TV Guide: I've always thought a star at your level is the perfect place to be. You get the perks without the hassle.
Posey: Oh my god, yes! I can love this restaurant and I can call them and be, like, [Whispers] "Hey, you guys, it's Parker Posey — can I come in and eat at your place tonight?" And that's it — it's a perk. But I don't have paparazzi following me around.
TV Guide: So what made you want to risk that and do Jezebel James?
Posey: Well, I read it in one sitting and from start to finish it flowed. It was funny, it was moving, it was original, and the humor came from their characters and what kind of people they were. And although there are jokes, it has an Odd Couple dynamic with these sisters, and I thought it was kind of a modern twist on this thing that's going on right now with women my age — women who can support themselves. Most of the people my age I meet who are single are so happy to be single, and people who I meet who are married are like, "Oh my god, I'm miserable!" It's the evolution of kind of where we're at. Like, I ran into an old friend and she showed me a picture of her baby. And I was like, "He's adorable." And she said, "I love being a mother, I love it so much." Then she said, "But you know what? If I could do it again, I'd get rid of the husband. I don't need him." But there are all sorts of different relationships.
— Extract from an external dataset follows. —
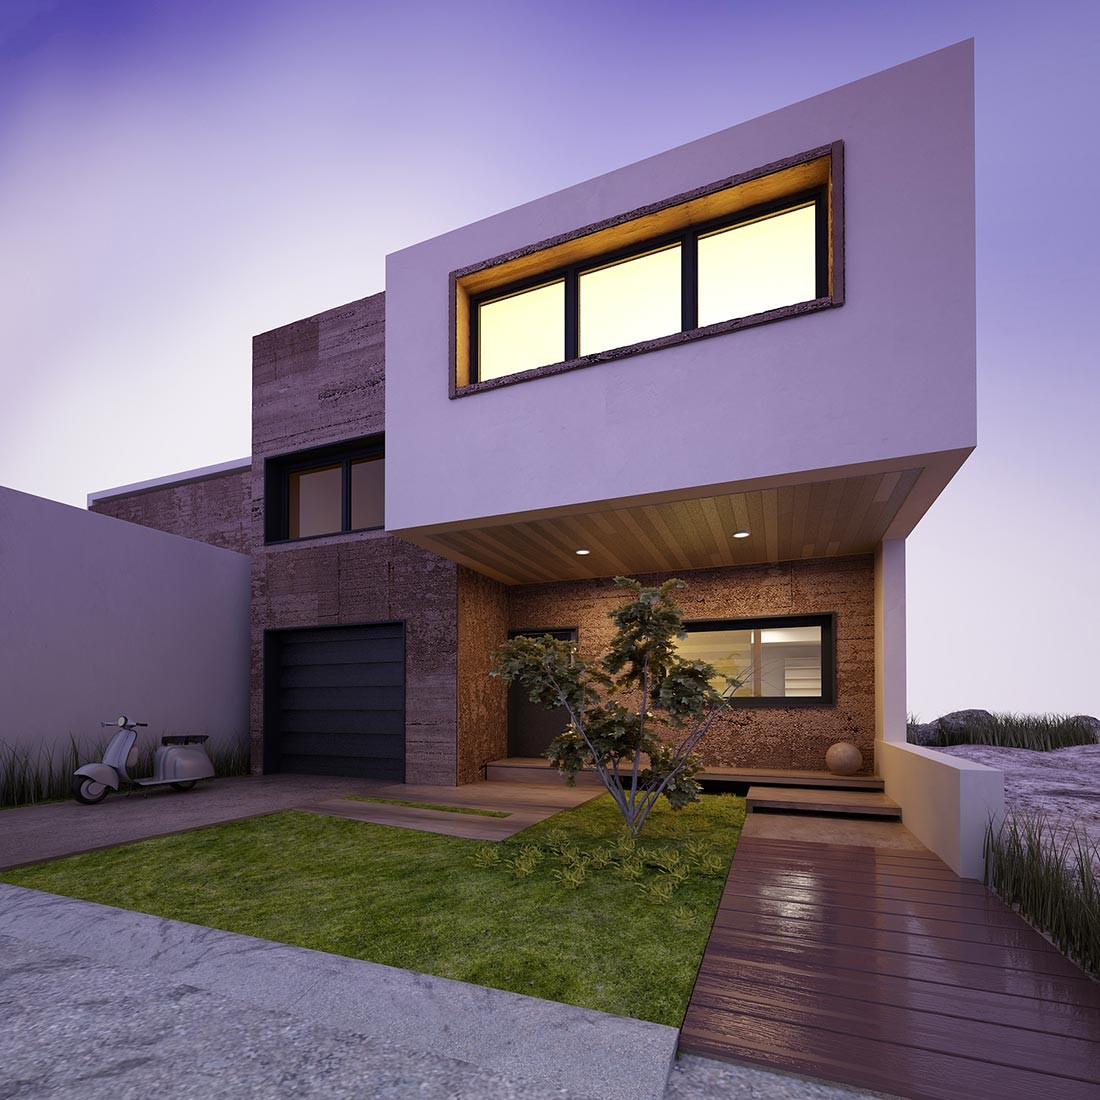 Arquitectura moderna e interiores por Avantia

This one in Jezebel James, she has a boyfriend and they don't talk about their personal lives or their families.
TV Guide: They have a loose relationship — they just have sex.
Posey: They just watch Law & Order and have sex and maybe order in and then it's, "I gotta go." And there's something to that.
TV Guide: It's modern and often the way things are. Amy Sherman-Palladino is famous for stuff like that — and for lots of dialogue.
Posey: Yeah, but little did I know! At the end of the first week, I was fantasizing about words coming out of my nose and my tear ducts — it was crammin' my brain!
TV Guide: Clearly you hadn't watched Gilmore Girls.
Posey: Clearly I hadn't!
TV Guide: There was more dialogue in that show than yours.
Posey: I know. I was like, "Should I call Lauren [Graham] and ask her how she did it?" Then I was, "No, I can do this. I'm just going to go and play ball!"
TV Guide: You have a great costar in Lauren Ambrose — you really do seem like sisters.
Posey: Isn't that cool? I love when people come together and make something — that's what those Christopher Guest movies do. You never know what the reaction is going to be between people in those scenes; you just hope it's a good mix, and that subconsciously you're connecting.
TV Guide: Lauren's character agrees to carry your baby because you can't. So: babies. Do you want one?
Posey: Oh my god, yes, I have such maternal instincts. And [I'm turning] 40 — things are getting real for me. I'm like, "What kind of woman am I? What kind of partner could I have?" I want to have it all work. I don't want to feel I have to sacrifice anything to have the experience and the enormous life change that having a child would be. I'm figuring it out. I'm like, "Do I have a fear of family or is that a sacrifice or what? Can I have a family and a career and be as focused and as passionate? I mean, hey, I'm about to work with Demi Moore, and she's got it all. I mean, that's a modern woman right there. Right?!
TV Guide: And she's got a young, hot husband!
Posey: Yeah, come on! But that's amazing. We're at a time right now where we can make these choices and kind of carve it out the way you feel like carving it out. And be honest with yourself. And I'm in therapy, so I'm serious about it.
TV Guide: Speaking of men: I saw that last appearance you made on Craig Ferguson's show, and...
Posey: [Laughs] Well, could I have been more on a date on live TV?
TV Guide: It certainly seemed like he was into you.
Posey: [Giggles] I was all, "You seem like such a cool, funny guy — you probably have your s--t together!" And I go [in a Scottish accent], "I like that brogue." Meanwhile, it's being televised! I was horrified after that. I talked to a girlfriend and said, "I think I just went on a date on national television."